A GENERATION of children risks growing up with obsessive personalities, poor self-control, short attention spans and little empathy because of an addiction to social networking websites such as Twitter, a leading UK neuroscientist has warned.
Young people’s brains are failing to develop properly after being overexposed to the cyber world at an early age, it was claimed.
Baroness Greenfield, professor of pharmacology at Oxford University, said a decline in physical human contact meant children struggled to formulate basic social skills and emotional reactions. She criticised the “unhealthy” addiction to Twitter among some users who resort to increasingly nasty outbursts under the “sanitised and often anonymous guise of the web”.
In an interview with The Daily Telegraph, she also raised concerns over the “narcissistic” nature of sites such as Klout, which measures users’ popularity and influence on social networks. The comments come just 24 hours after teachers warned that over-exposure to technology was damaging children’s ability to concentrate in the classroom.

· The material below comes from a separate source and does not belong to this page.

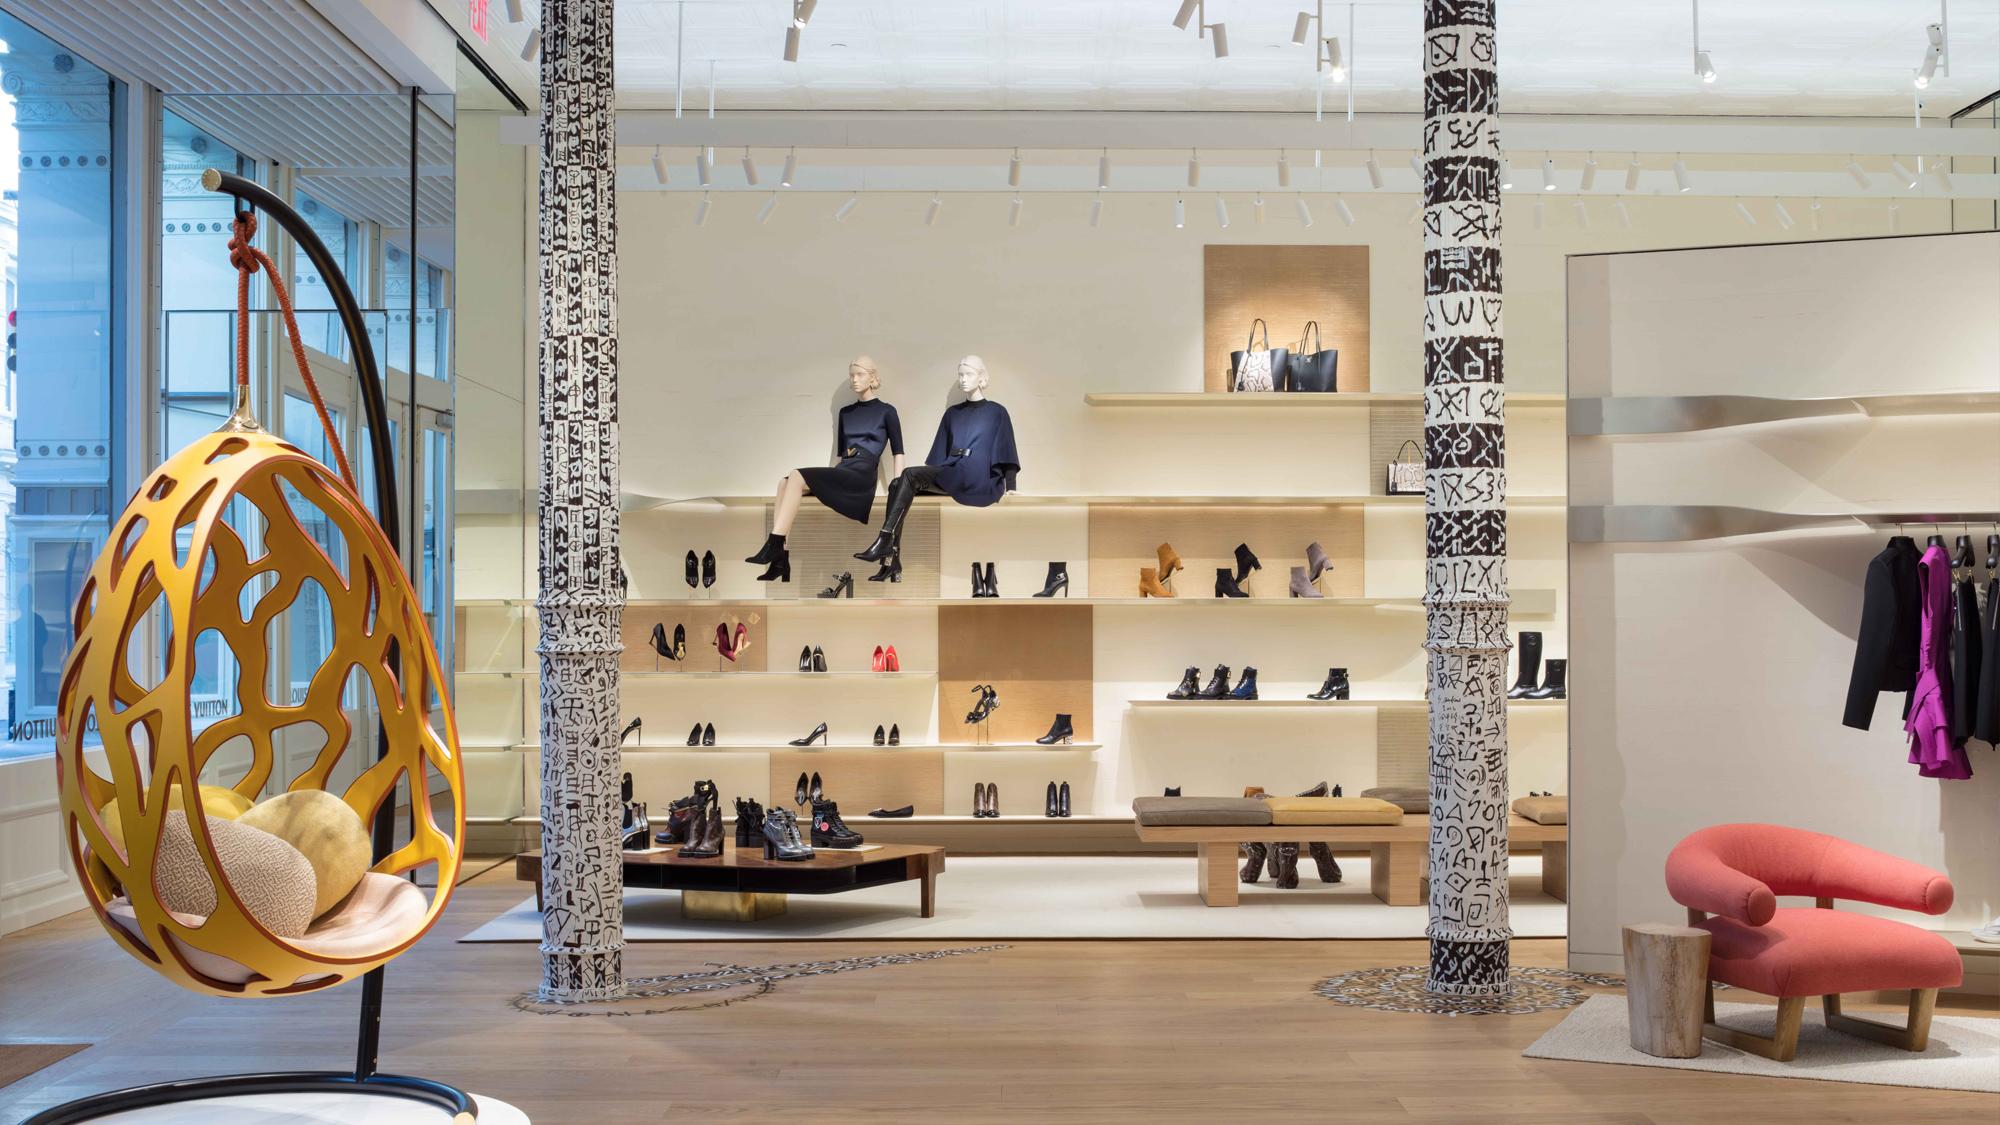 Louis Vuitton New York SoHo image 1

A survey of secondary English teachers revealed that more than three-quarters thought pupils’ attention spans were shorter than ever before.
Baroness Greenfield quoted figures showing that more than half of 13- to 17-year-olds now spend more than 30 hours a week using video games, computers, e-readers, mobile phones and other screen-based technology. She said the human brain evolved to its surroundings and needed a “stimulating environment” to grow and properly develop. But she warned that a reliance on social networking and increased use of computer games could effectively “rewire” the brain. The academic is due to present her findings in a speech to the Early Childhood Action group, which has been established to campaign for reforms to early years education.